Text Data Specific Operations#
Text data often requires specific processing techniques to extract meaningful information or to reformat it for further analysis. Pandas provides a robust set of string operations that can be applied efficiently to Series and DataFrames. This chapter explores some essential operations for handling text data, including searching for substrings, splitting strings, and using regular expressions.
String Contains#
The contains
method allows you to filter rows based on whether a column's text contains a specified substring. This is useful for subsetting data based on textual content:
import pandas as pd
# Sample DataFrame
data = {'Description': ['Apple is sweet', 'Banana is yellow', 'Cherry is red']}
df = pd.DataFrame(data)
# Filtering rows where the Description column contains 'sweet'
contains_sweet = df[df['Description'].str.contains('sweet')]
print(contains_sweet)
Result:
Description
0 Apple is sweet
String Split#
Splitting strings into separate components can be essential for data cleaning and preparation. The split
method splits each string in the Series/Index by the given delimiter and optionally expands to separate columns:
# Splitting the Description column into words
split_description = df['Description'].str.split(' ', expand = True)
print(split_description)
Result:
0 1 2
0 Apple is sweet
1 Banana is yellow
2 Cherry is red
This splits the 'Description' column into separate columns for each word.
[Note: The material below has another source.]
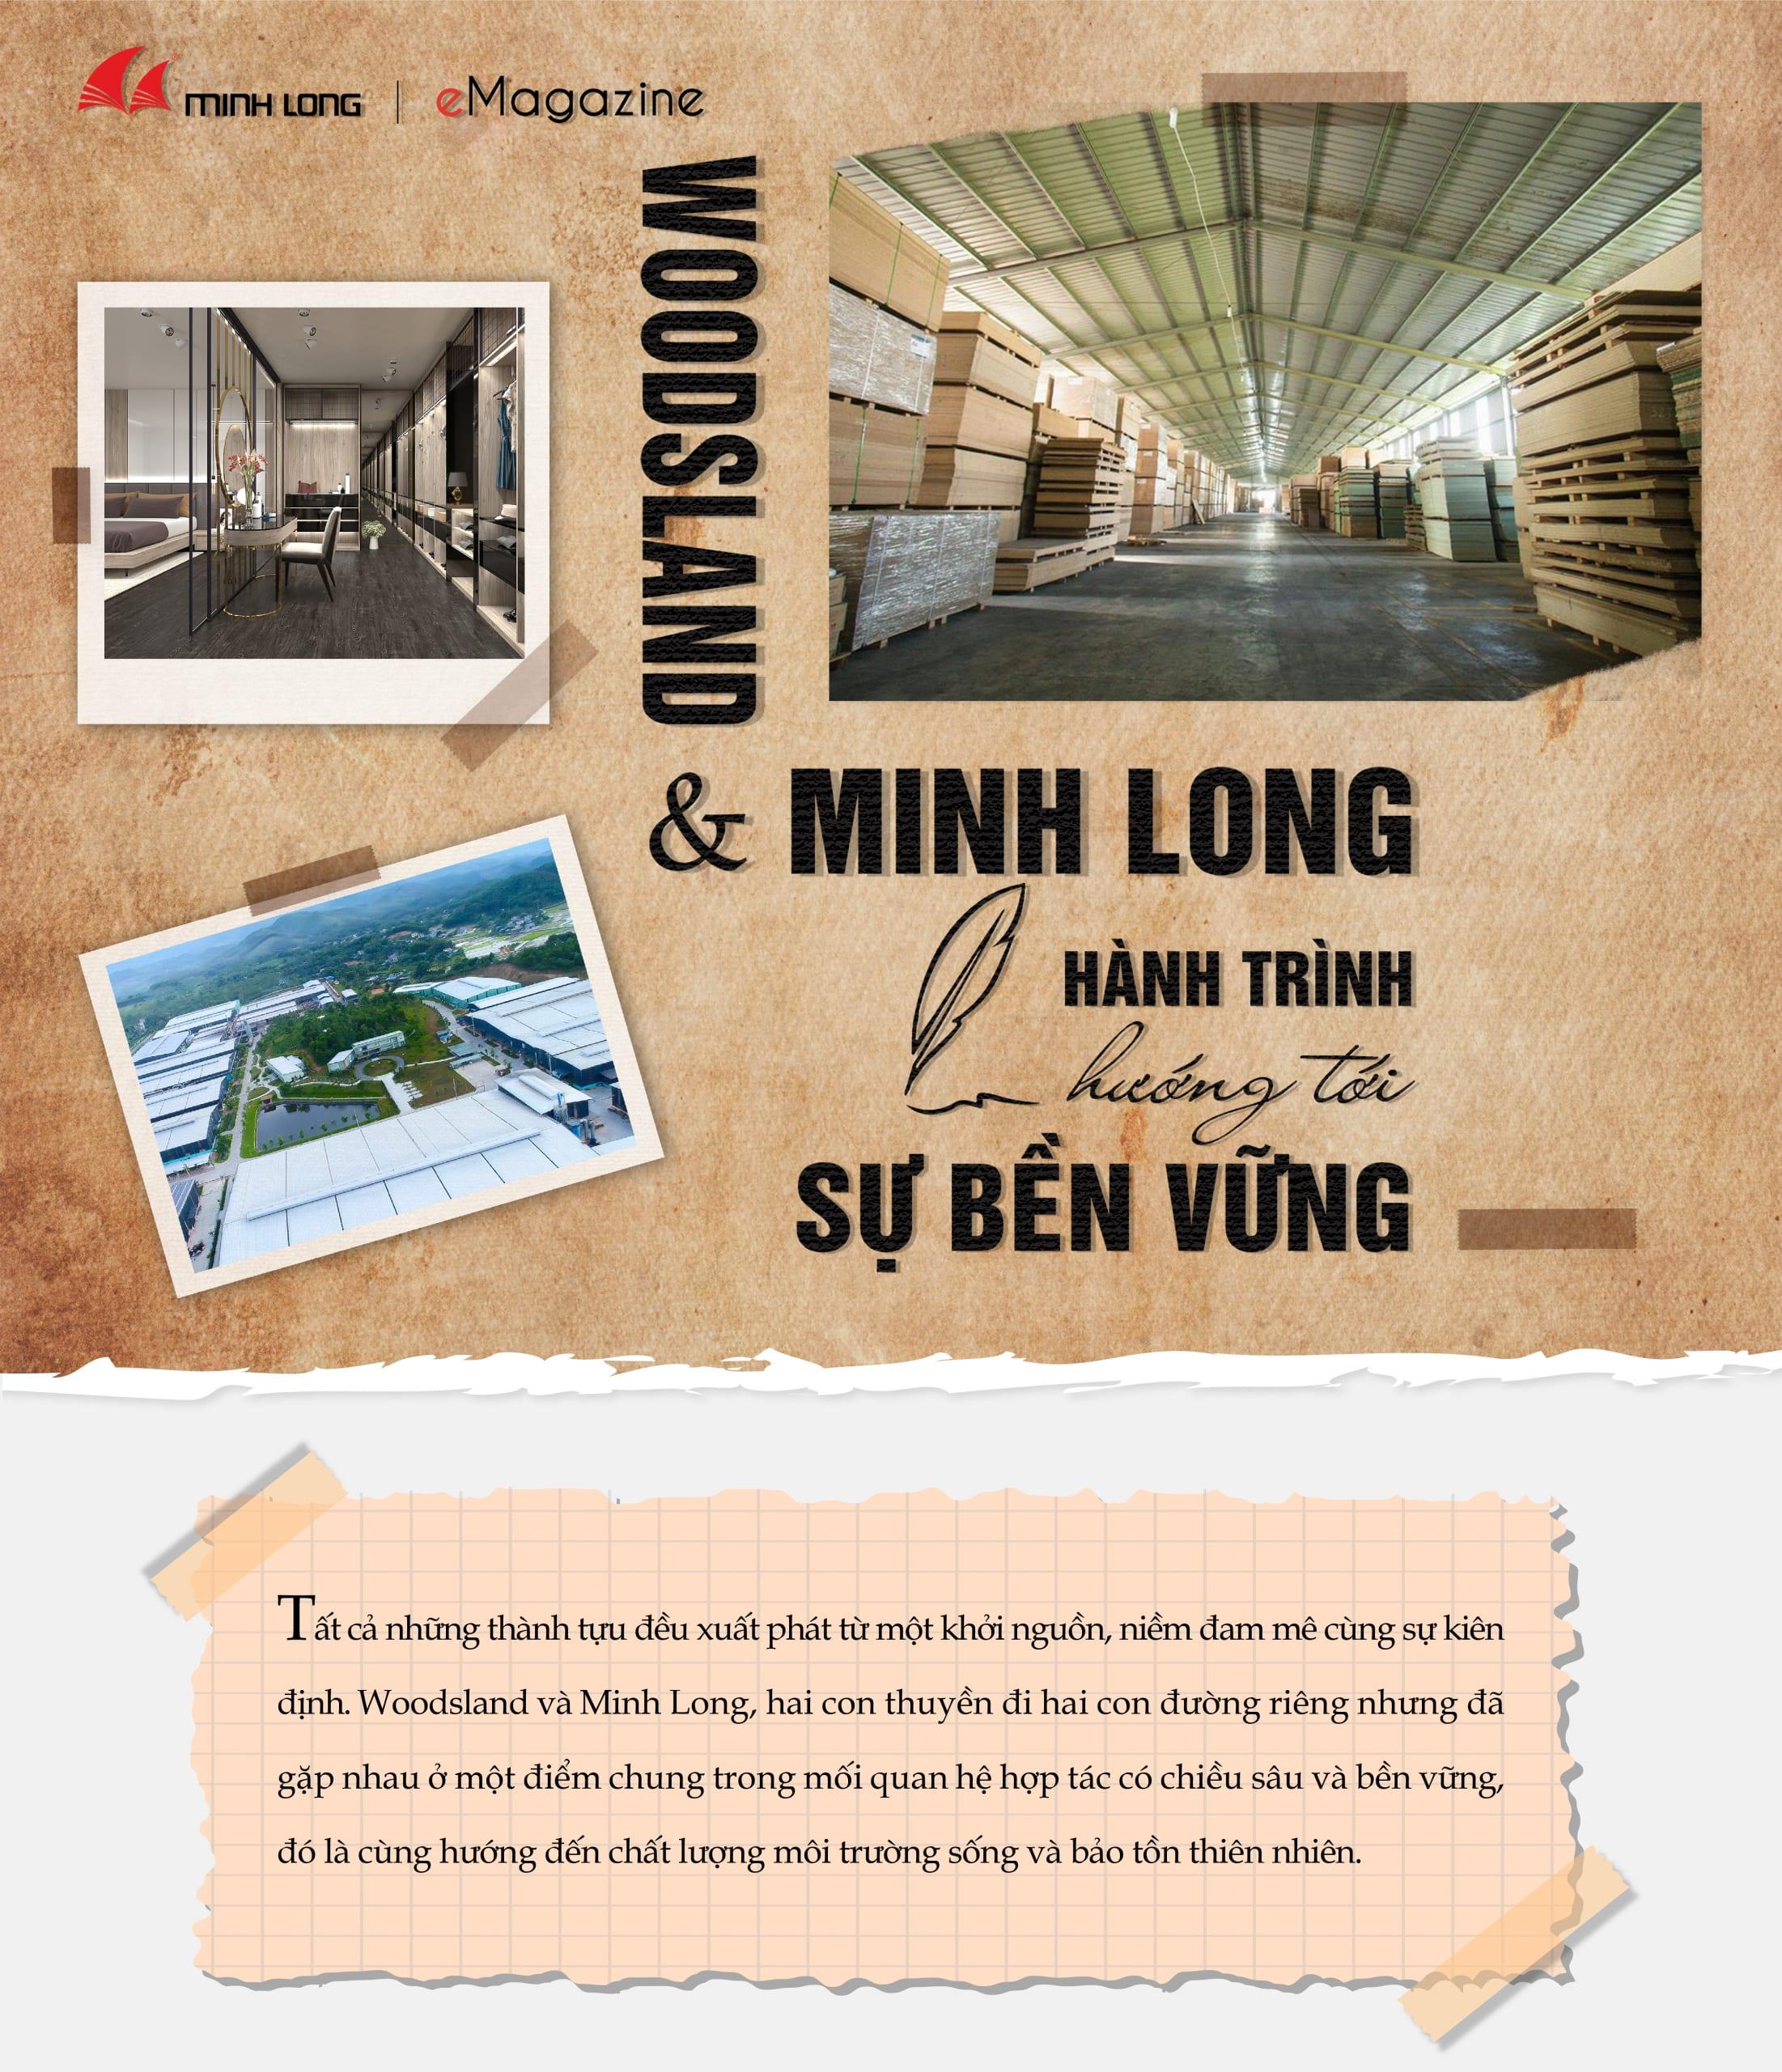 eMagazine tháng 10 - Minh Long - Woodsland - hành trình hướng tới sự bền vững -1

Regular Expression Extraction#
Regular expressions are a powerful tool for extracting patterns from text. The extract
method applies a regular expression pattern and extracts groups from the first match:
# Extracting the first word where it starts with a
# capital letter followed by lower case letters
extracted_words = df['Description'].str.extract(r'([A-Z][a-z]+)')
print(extracted_words)
Result:
0
0 Apple
1 Banana
2 Cherry
This regular expression extracts the first word from each description, which starts with a capital letter and is followed by lowercase letters.
These text-specific operations in Pandas simplify the process of working with textual data, allowing for efficient and powerful string manipulation and analysis.